Epilogue : Cleaning House


TWO WEEKS
[after my father died], a messenger came to me at work and delivered [my] book to me.… This was the biggest moment in my life, and I couldn't tell him about it,” Ted said. Subsequently, Ted married and had a daughter, whom he dearly wishes his father could have met. He published his second novel,
Funnymen,
in 2002.

Erica continues to live in the Apthorp. It remains a haunted house of sorts, under constant renovation (often without heat or electricity), new ownership, and with byzantine alterations to its occupancy policies. She has written a memoir of her mother and father.

Valerie sold the house she shared with Joe, but she still lives nearby.

The reception of Joe's posthumously published
Portrait of an Artist, as an old Man
was tepid. Joe's profile of an elderly fiction writer prone to frequent naps, lustful urges with no chance of fulfillment, discouraging talks with his editor, and false starts on novels (Tom Sawyer as a Wall Streeter, Hera as a harpie,
A Sexual Biography of My Wife
), met its toughest resistance from the
New York Times
' Michiko Kakutani. She called the novel “embarrassing” and expressed “regret” that it would harm a “distinguished,” “inspired,” and “sometimes brilliant” career. Heller's old skills—“bravura satire … zany, improvisational humor … ferocity and swagger”—were “sorely lacking” in
Portrait,
she said.

On the other hand,
The Observer
's Tim Adams called the novel a “sardonic little abdication address, a posthumous piece of self-parody … [and] one last muted hurrah from a writer who [knew] his place in the authorial Hall of Fame was never really in doubt.” Listing the book as one of the best American novels of 2000, David Gates, writing in
Newsweek,
said it was Heller's “slightest but scariest [production]: it amounts to a literary suicide note.… Heller must have known this book would chill every writer, and many readers, to the heart, while offering not a bit of comfort. For having that much nerve, you've got to admire him.” And
The New Yorker,
which never published Joe, even when Bob Gottlieb edited the magazine, said, “There is something bleakly bracing in [the old writer's] obsession with his own literary desiccation.”

*   *   *

A DECADE AFTER JOE'S DEATH
,
We Bombed in New Haven
was staged regularly in regional theaters (in Fullerton, California, Valparaiso, Indiana, and Portland, Oregon), its antiwar theme perpetually timely.
God Knows
had been adapted for the stage in Israel. A new Hebrew translation of
Catch-22
had become an immediate bestseller in that country.
Something Happened
served as one of the templates for cable television's hottest new show,
Mad Men,
and Joe's novels, particularly
Something Happened
and
Closing Time,
were receiving renewed scholarly attention.

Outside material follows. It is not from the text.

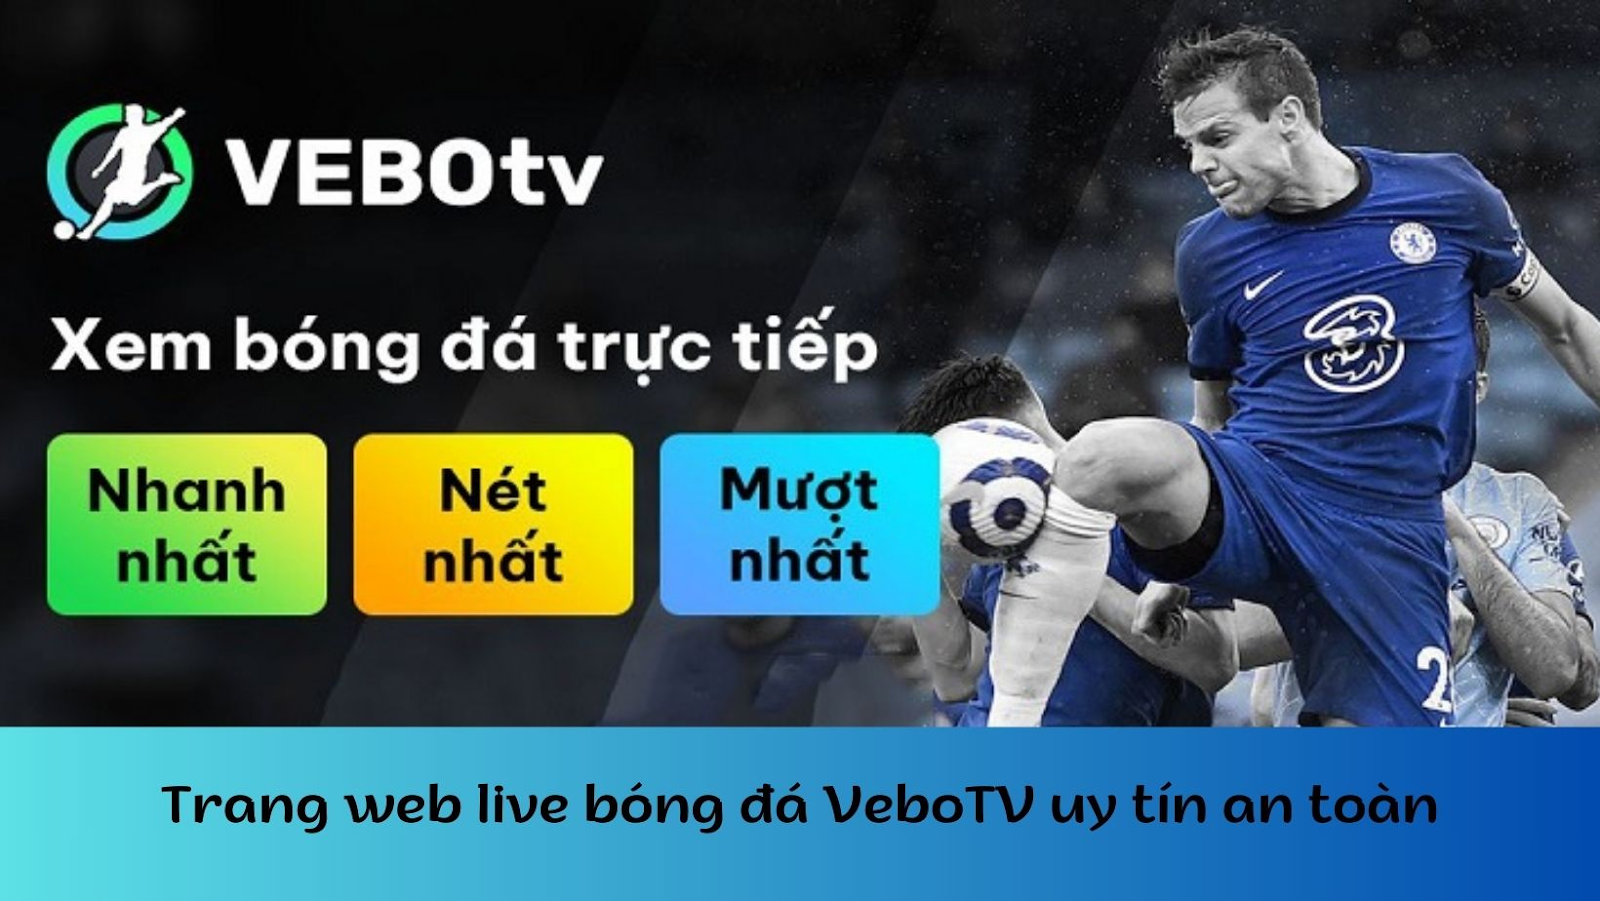 VeboTV - Link xem bóng đá miễn phí không giới hạn cho mọi nhà

In the summer of 2010, the journalist John Grant wrote that Heller's “vision” was “tragically in synch” with the “highly privatized” way the U.S. military was prosecuting its war in Afghanistan—that is, paying its enemies to run convoys delivering food and supplies to U.S. troops. “Milo Minderbinder [is alive] in Afghanistan,” Grant declared. At the same time, said the
New Statesman,
Milo oversaw British Petroleum's massive oil spill in the Gulf of Mexico. “Even when it's fouling its own nest and screwing everything in sight, [Milo's] syndicate”—in which “everybody has a share,” making it too big to fail—“is good for the country. Similar logic is being used by … BP,” wrote William Wiles on the magazine's blog site.

As these references suggest, Joe's reputation and importance to American literature rests—as he always knew it would—with
Catch-22,
which has sold over ten million copies to date, is a mainstay in college courses ranging from English to history to political science, and currently averages annual sales (according to Nielson BookScan) of around 85,000 copies.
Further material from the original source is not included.